If the evidence for Tanis being Pi-ramesse is inconclusive at best, what is the evidence for Kantir? Ancient sources (Papyrus Anatasi III) describe Pi-ramesse as a beautiful area filled with figs, pomegranates, apples and olives and, most importantly , it claims that Pi-ramesse has a harbor[3]. The Kamose Stela describes Kamose’s sacking the “hundreds of ships”[4] of the Hyksos at Avaris, and this strongly suggests a harbor. The area around Kantir is today one of the agriculturally richest in Egypt while the area around Tanis is a barren wasteland of salt flats incapable of supporting the lush vegetation described in ancient texts. The area of Tanis seems to have been, during the Ramesside period, and area of lagoons reached with great difficulty and incapable of having a large harbor, while Tell ed-Dab’a has a harbor along its North side[5].

Another textual reference to Pi-ramesse is that of Abbess Aetheria (who traveled in the area in AD. 533 – 540), who claims that there were only four Roman miles between Faqus (the location of which we know for certain today) and Pi-ramesse.

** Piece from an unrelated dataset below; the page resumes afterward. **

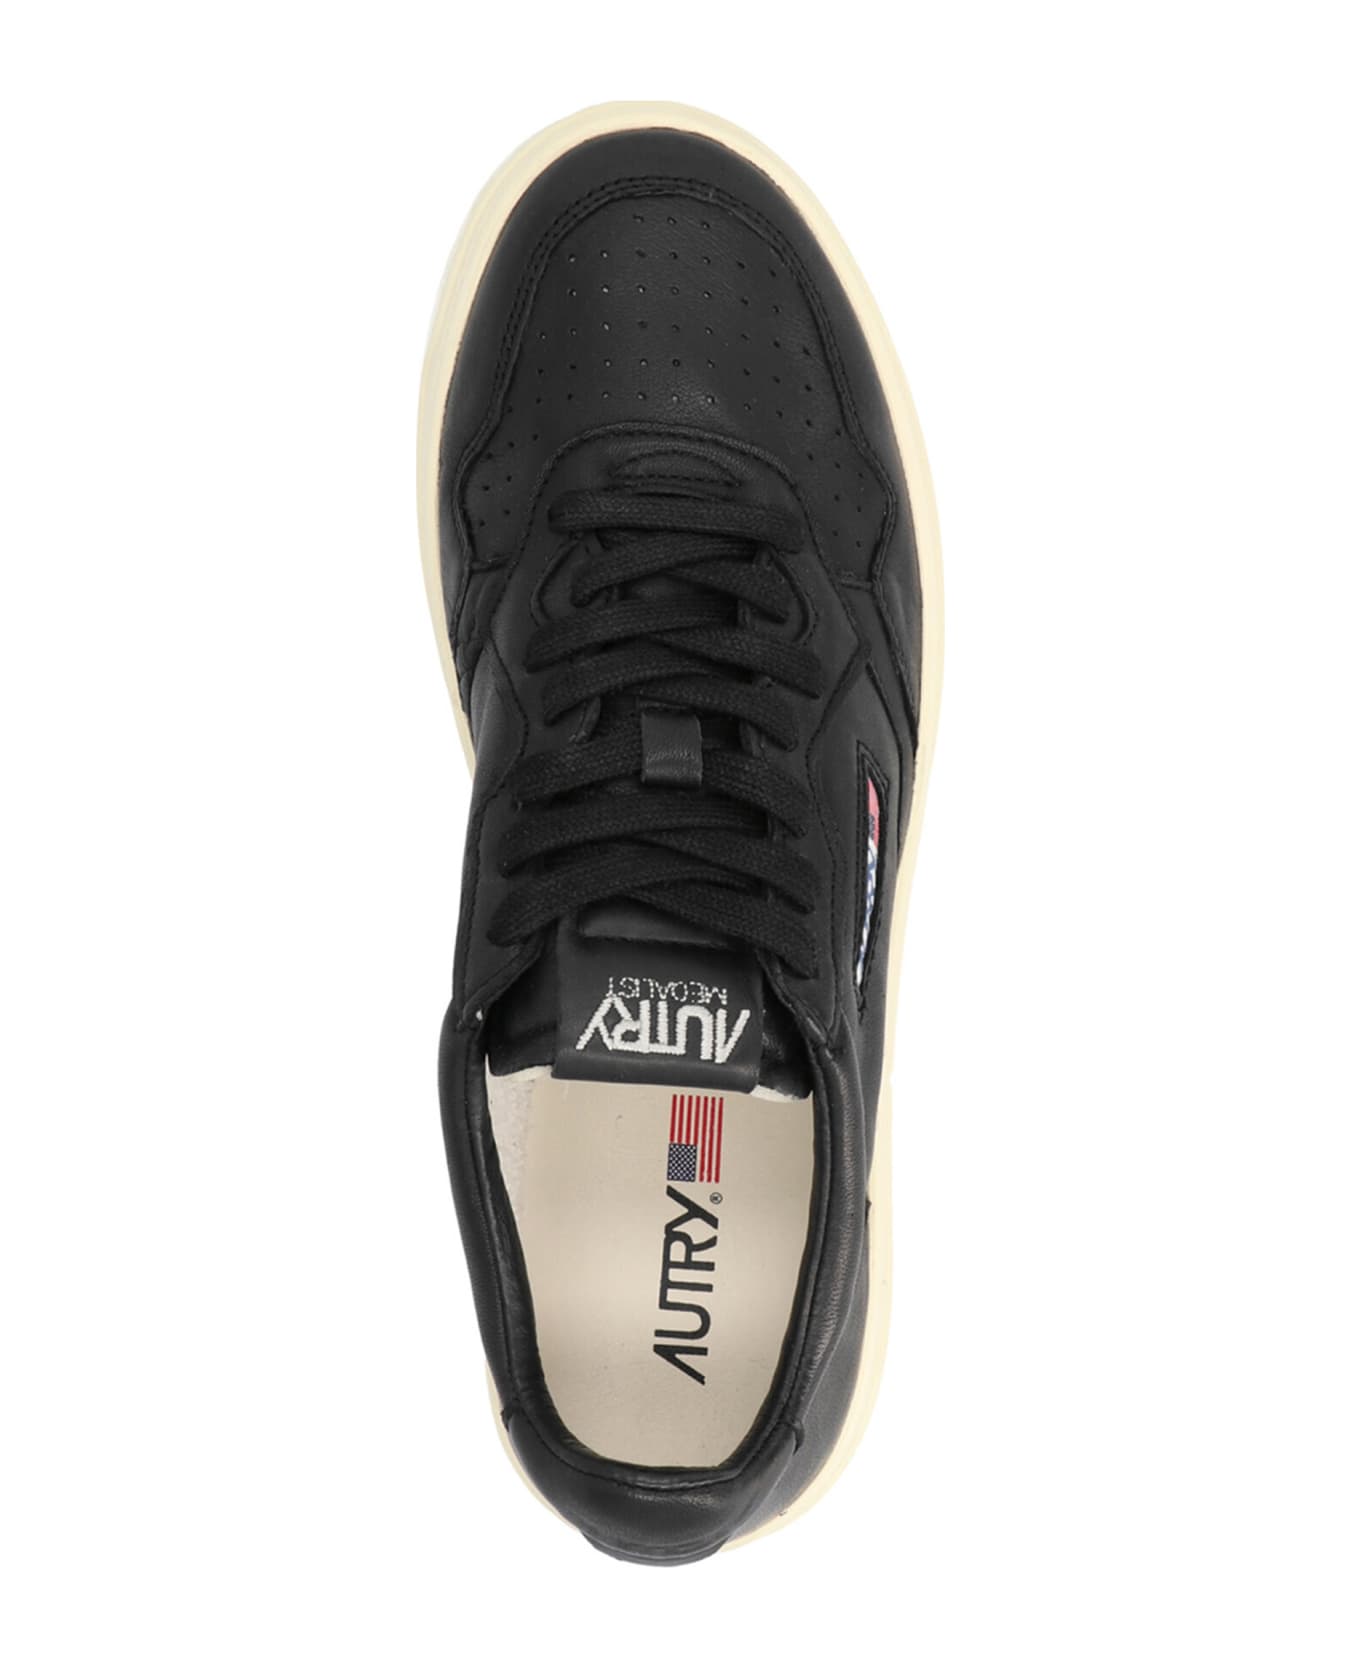 Autry Leather Sneakers - White/Black スニーカー

The city of Faqus is only four Roman miles from Tell ed-Dab’a[6]. Furthermore, on the wall of the temple of Ptah is a list of Lower Egyptian districts upon which Tanis and Avaris are mentioned as separate places[7]. This now gives us a text listing Pi-ramesse and Tanis as separate places and a text listing Avaris and Tanis as separate places. This second text casts further doubt upon Montet’s assertion that the Golenscheff list is confused, as both lists must be “confused “ if one of them is.

[1] Ray Weill, “The Problem of the Site of Avaris,” Journal of Egyptian Archaeology 21 (1935): p. 18.

[2] Weill, p. 17.

[3] Van Seeters, John, The Hyksos (New Haven: Yale University Press, 1966), pp. , pp. 137 – 9.

[4] Habachi, Labib, Second Stela of Kamose (Gluckstadt: Varlag J. J. Augustin, 1972), , p. 49.

[5] Van Seeters, pp. 139 – 41.

[6] Van Seeters, pp. 148 9.

[7] Weill, p. 21.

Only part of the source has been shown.